What needs to be done :: Give again, unaltered, the lines of the listing below that run from the line having "Plakat zapraszający w" through the line having "Karndean Da Vinci".

Data provided ::
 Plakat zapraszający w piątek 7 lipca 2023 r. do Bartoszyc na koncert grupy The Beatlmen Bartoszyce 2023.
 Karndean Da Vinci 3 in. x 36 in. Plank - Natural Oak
---
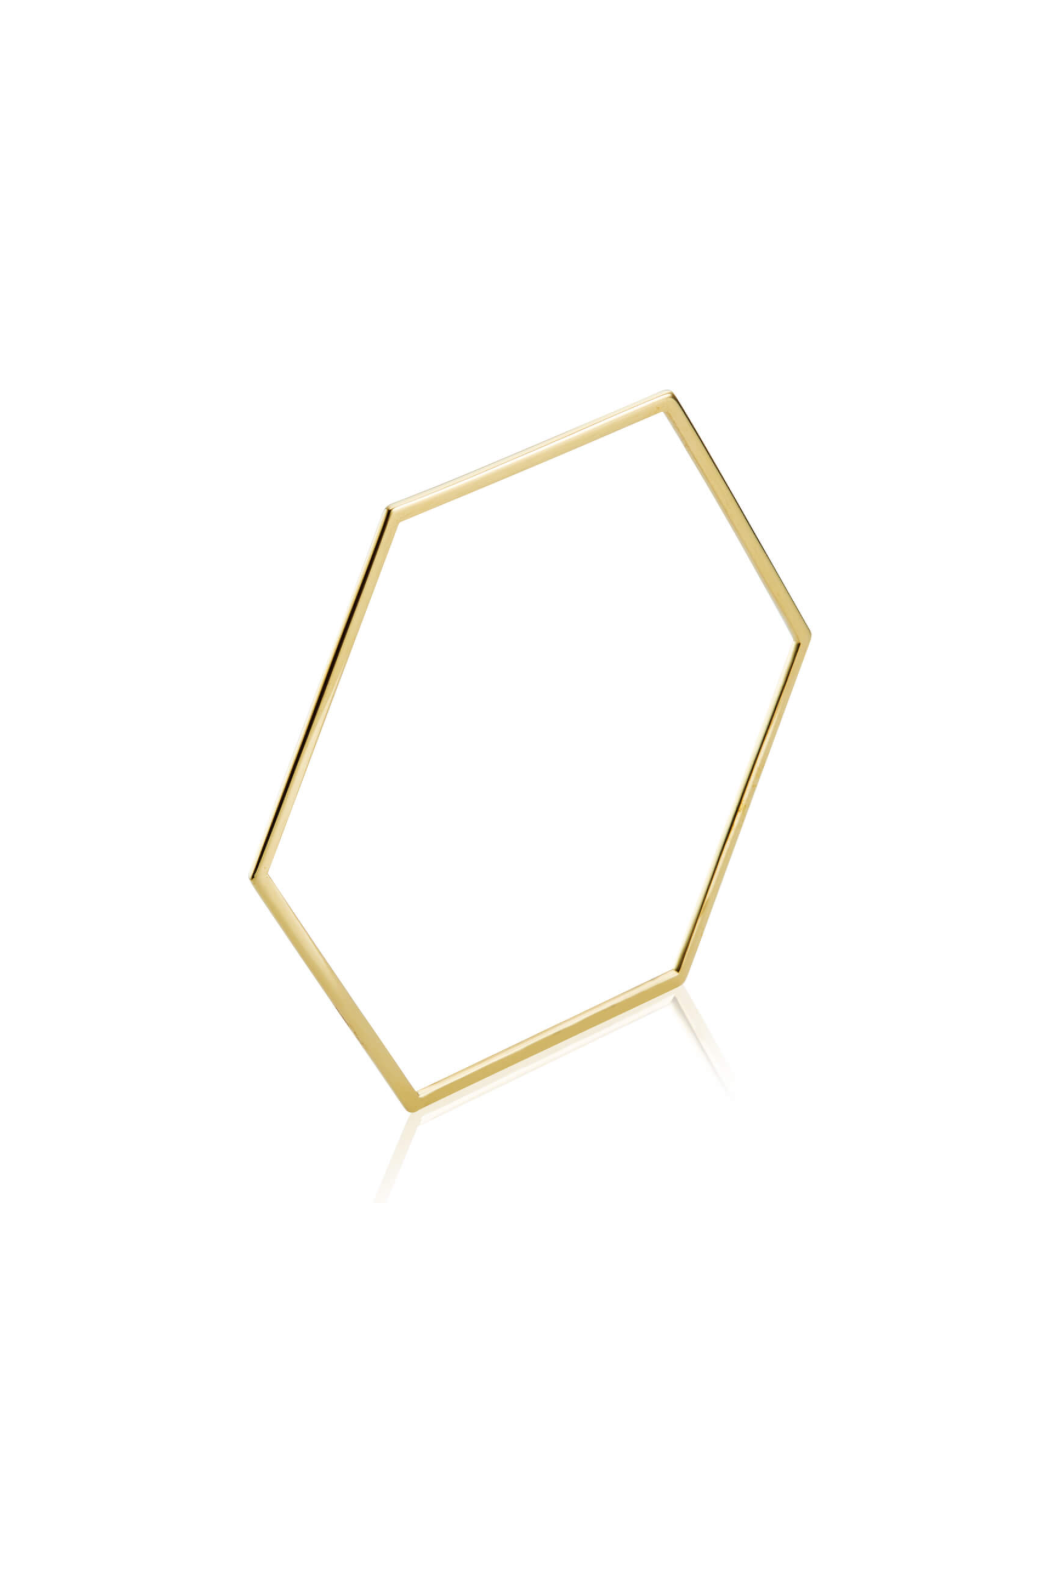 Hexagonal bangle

Written solution ::
 Plakat zapraszający w piątek 7 lipca 2023 r. do Bartoszyc na koncert grupy The Beatlmen Bartoszyce 2023.
 Karndean Da Vinci 3 in. x 36 in. Plank - Natural Oak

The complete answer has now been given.